— What the task requires —
From the line with "Ngắm Ảnh Gái" through the last line of the records below, both ends included, transcribe only those lines, exactly, and omit the pictures.

(Records drawn from a dataset)
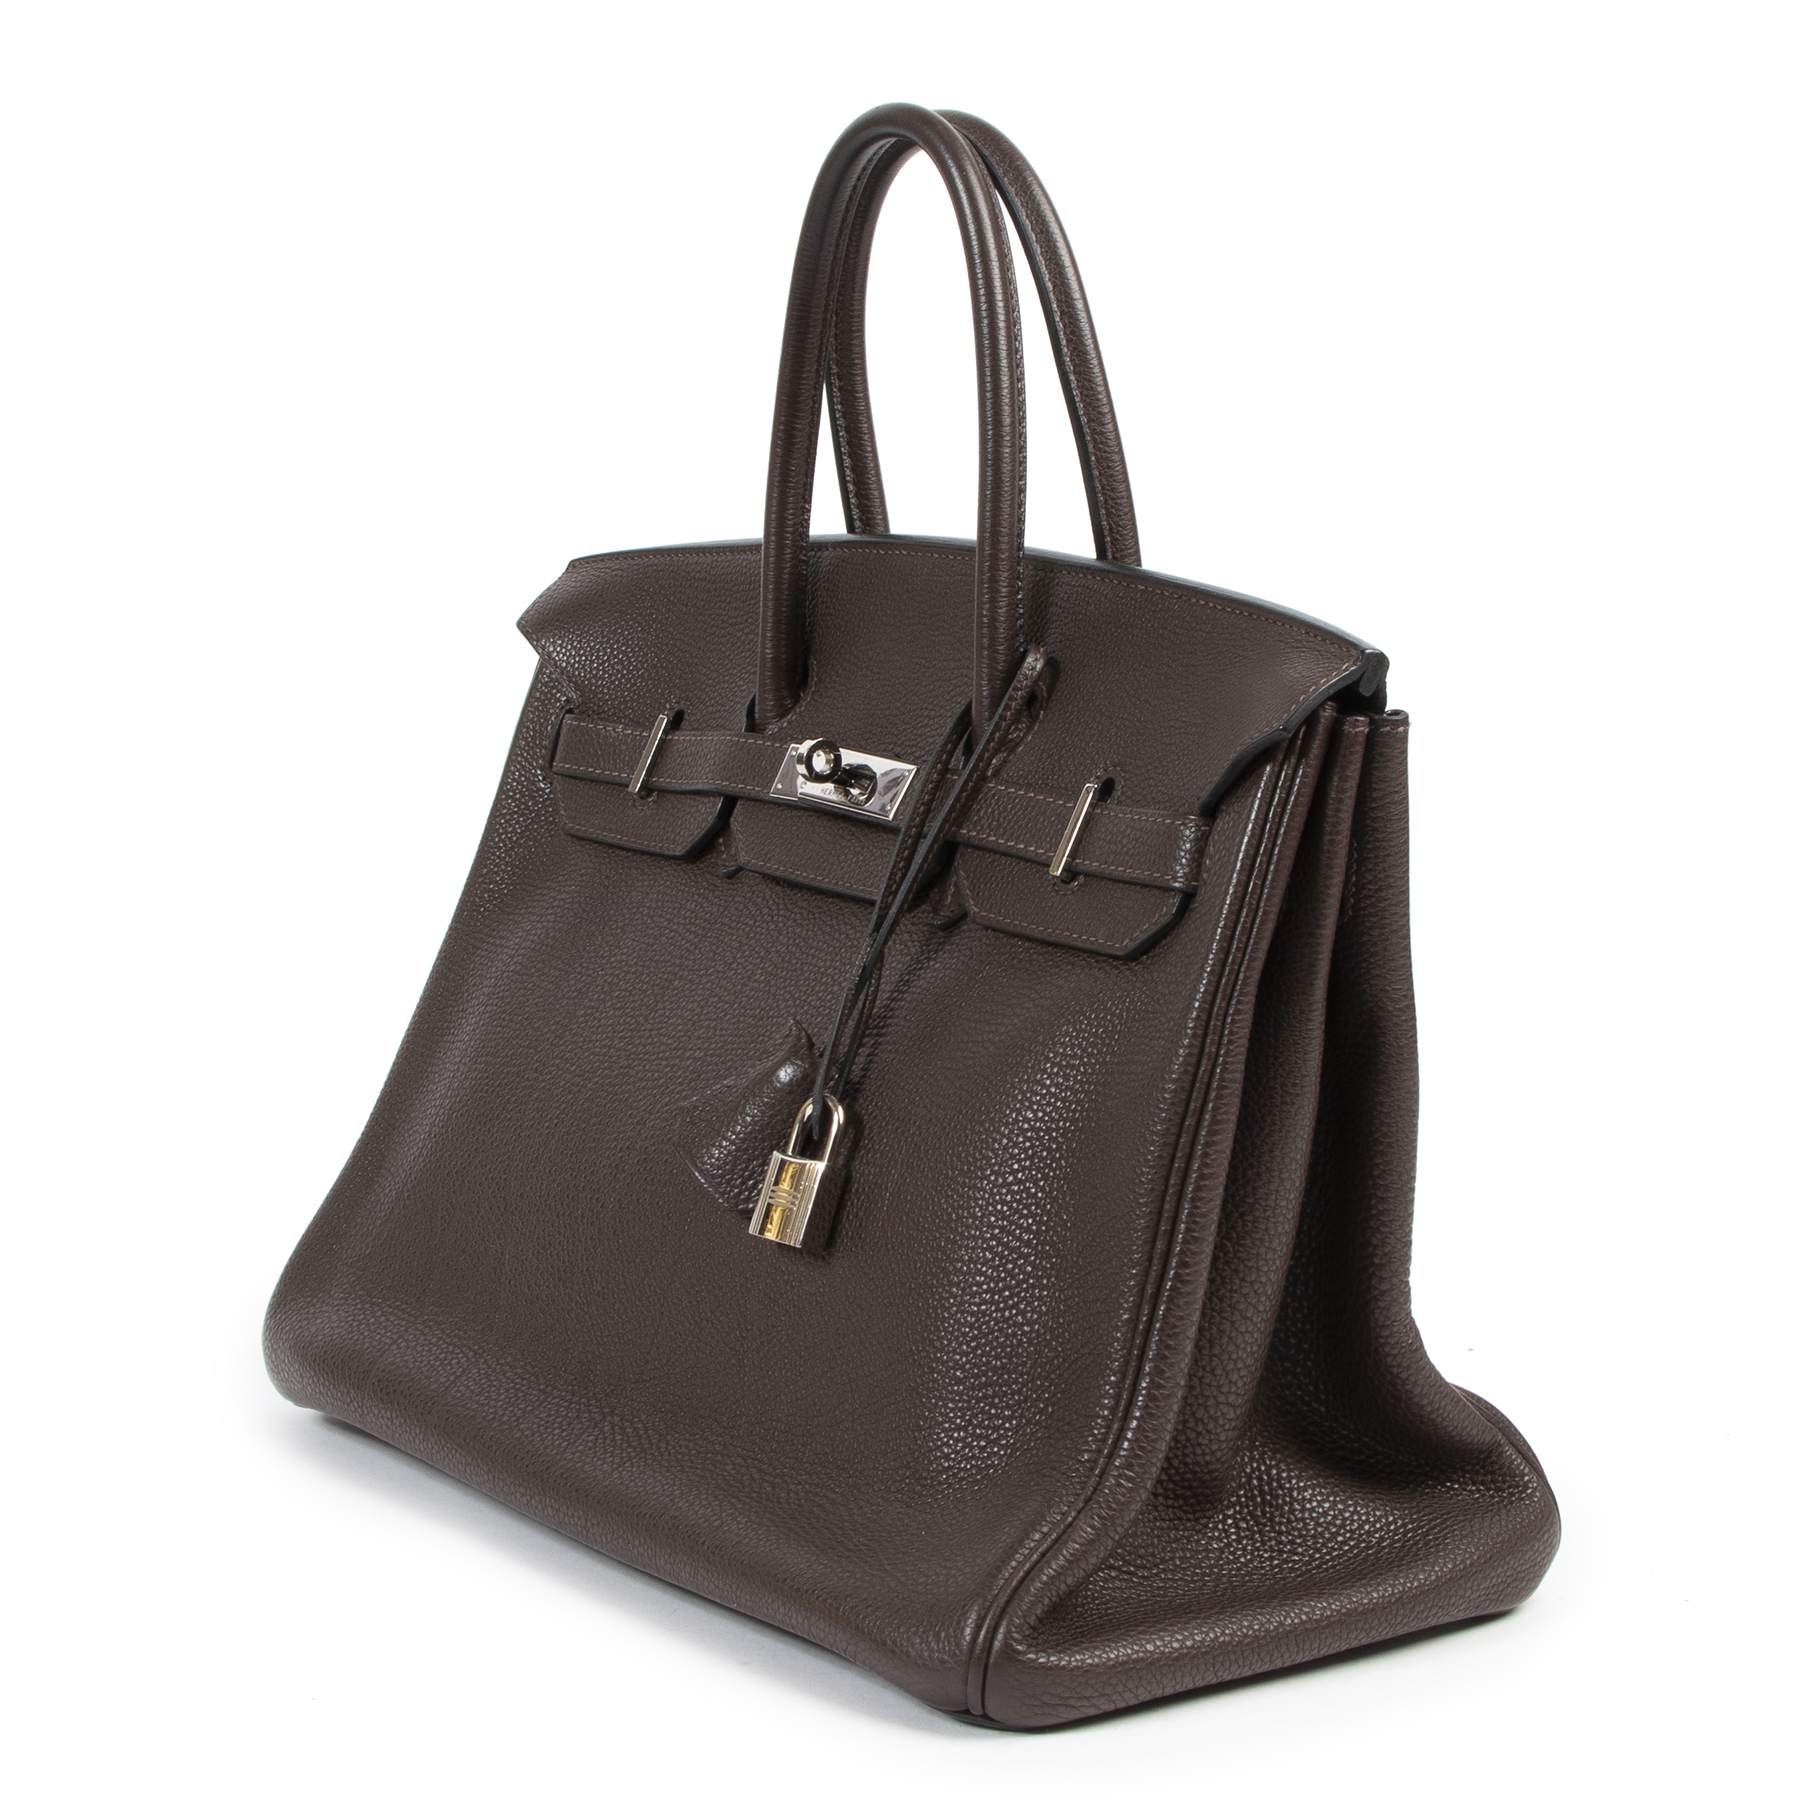 koop best online aan de beste prijs shop safe online at the best price Hermes Birkin Chocolat Togo 35cm
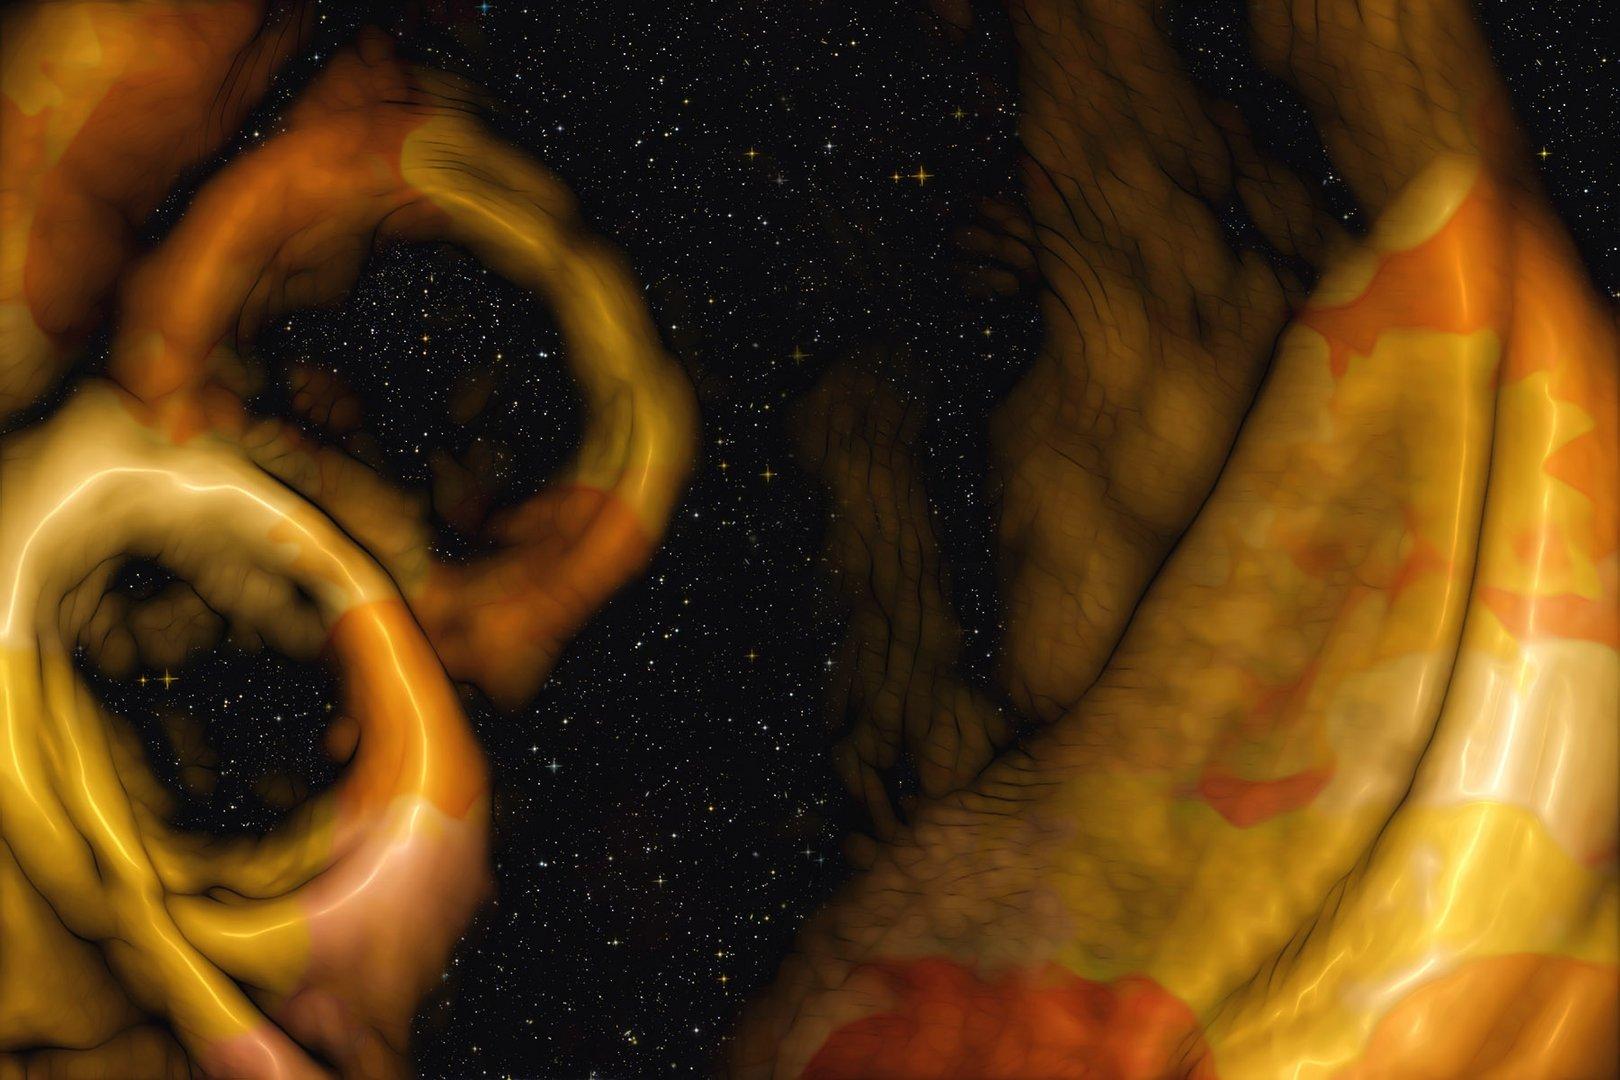 goldene ringe im universum ...
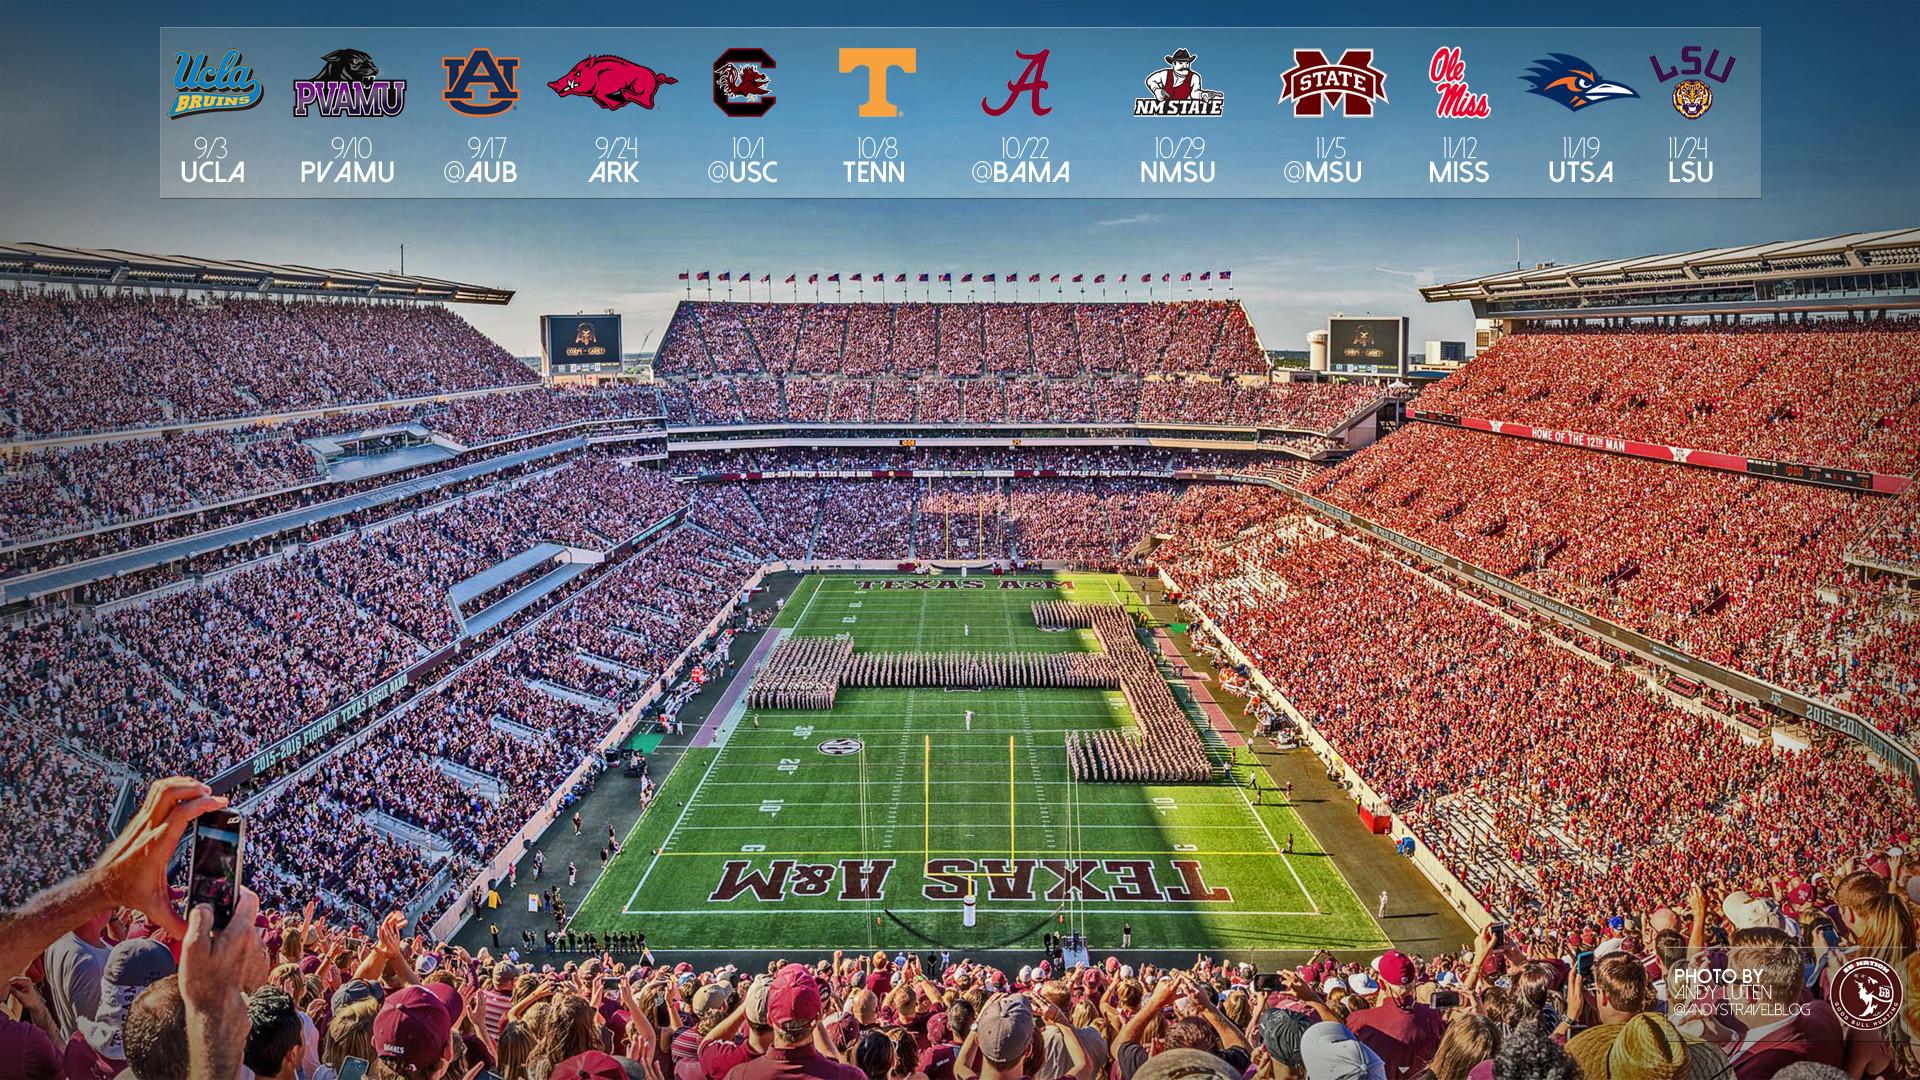 Alabama 2013 Football Schedule Wallpaper
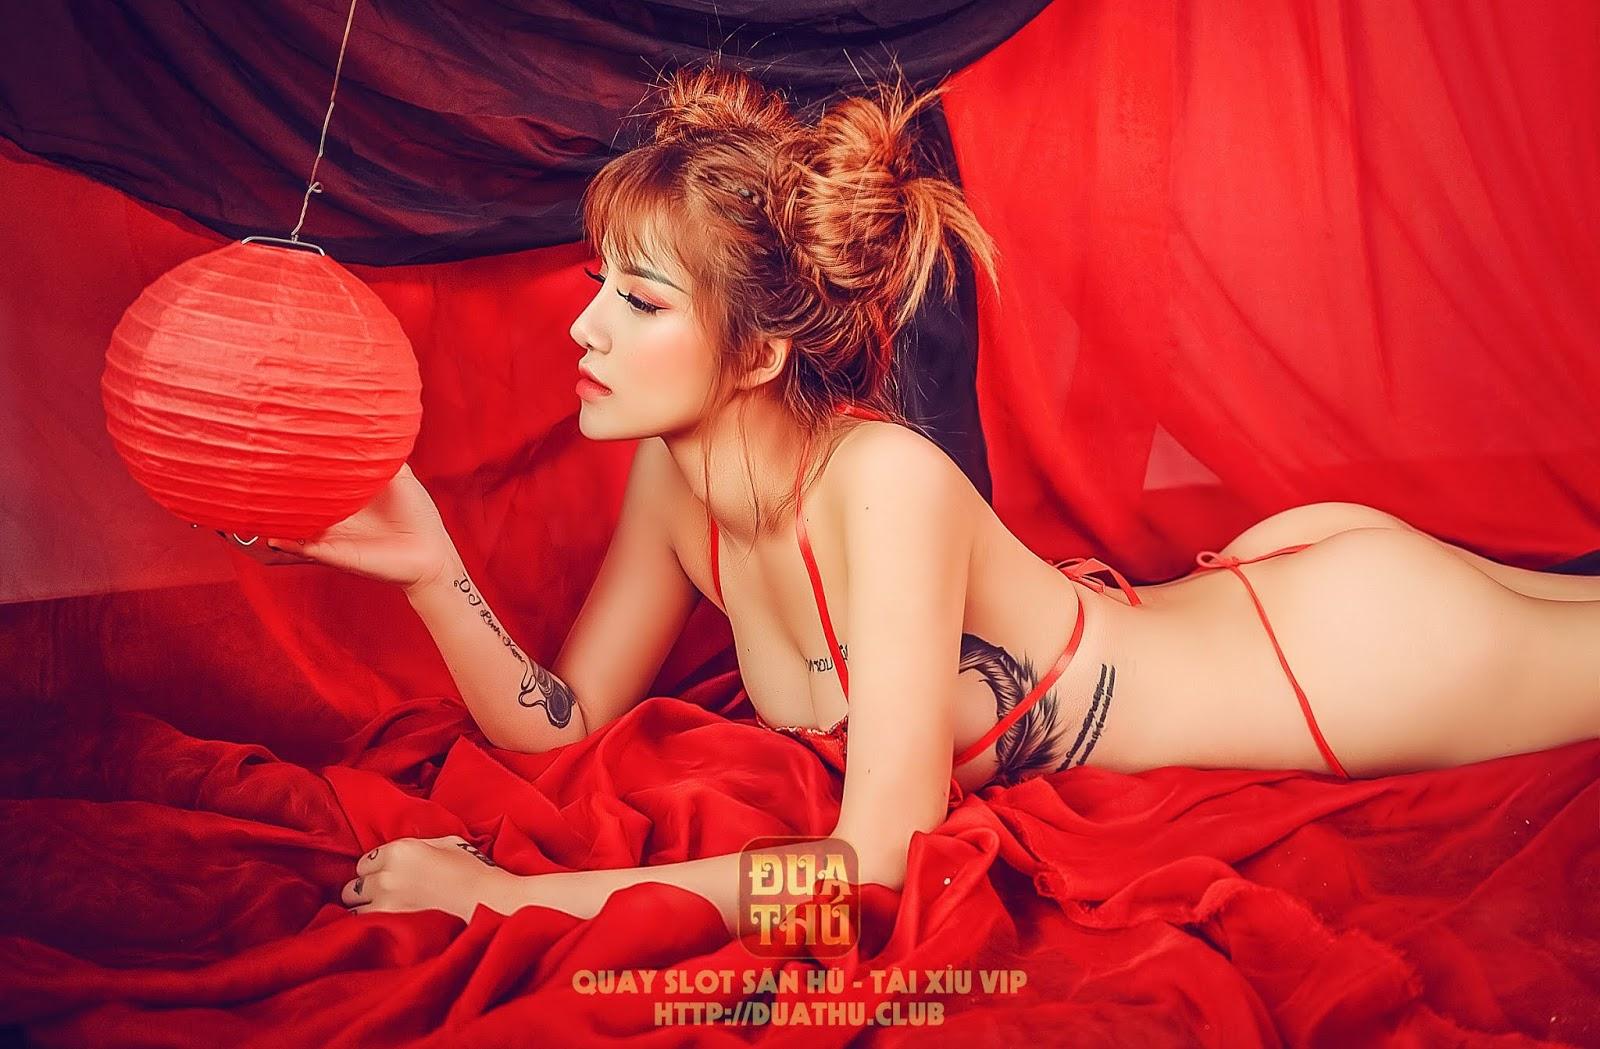 Ngắm Ảnh Gái Xinh Việt Nam Sexy Cực Gợi Cảm Quyến Rũ #4
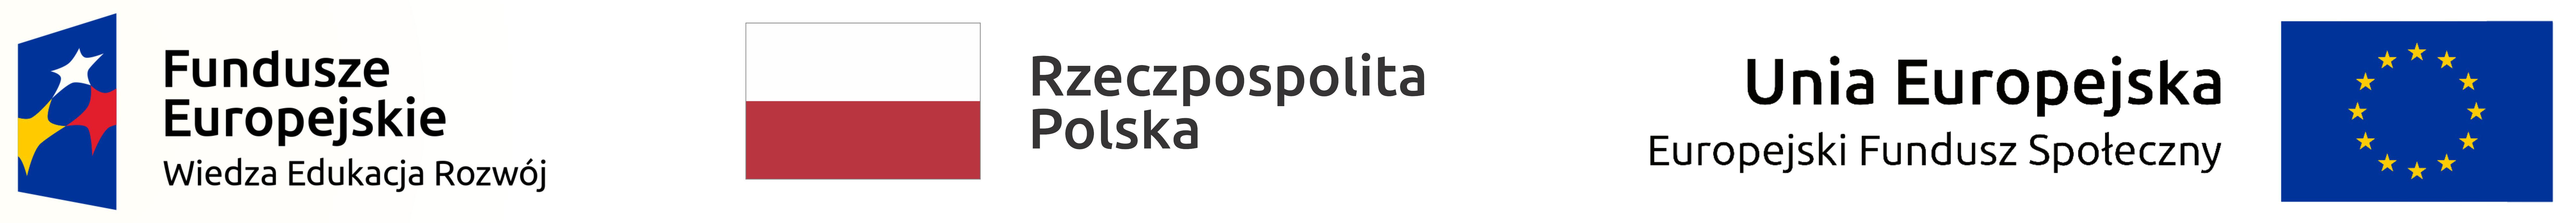 Logotypy - Fundusze Europejskie Wiedza Edukacja Rozwój, Rzeczpospolita Polska, Unia Europejska Europejski Fundusz Społeczny

— Response area —
 Ngắm Ảnh Gái Xinh Việt Nam Sexy Cực Gợi Cảm Quyến Rũ #4
 Logotypy - Fundusze Europejskie Wiedza Edukacja Rozwój, Rzeczpospolita Polska, Unia Europejska Europejski Fundusz Społeczny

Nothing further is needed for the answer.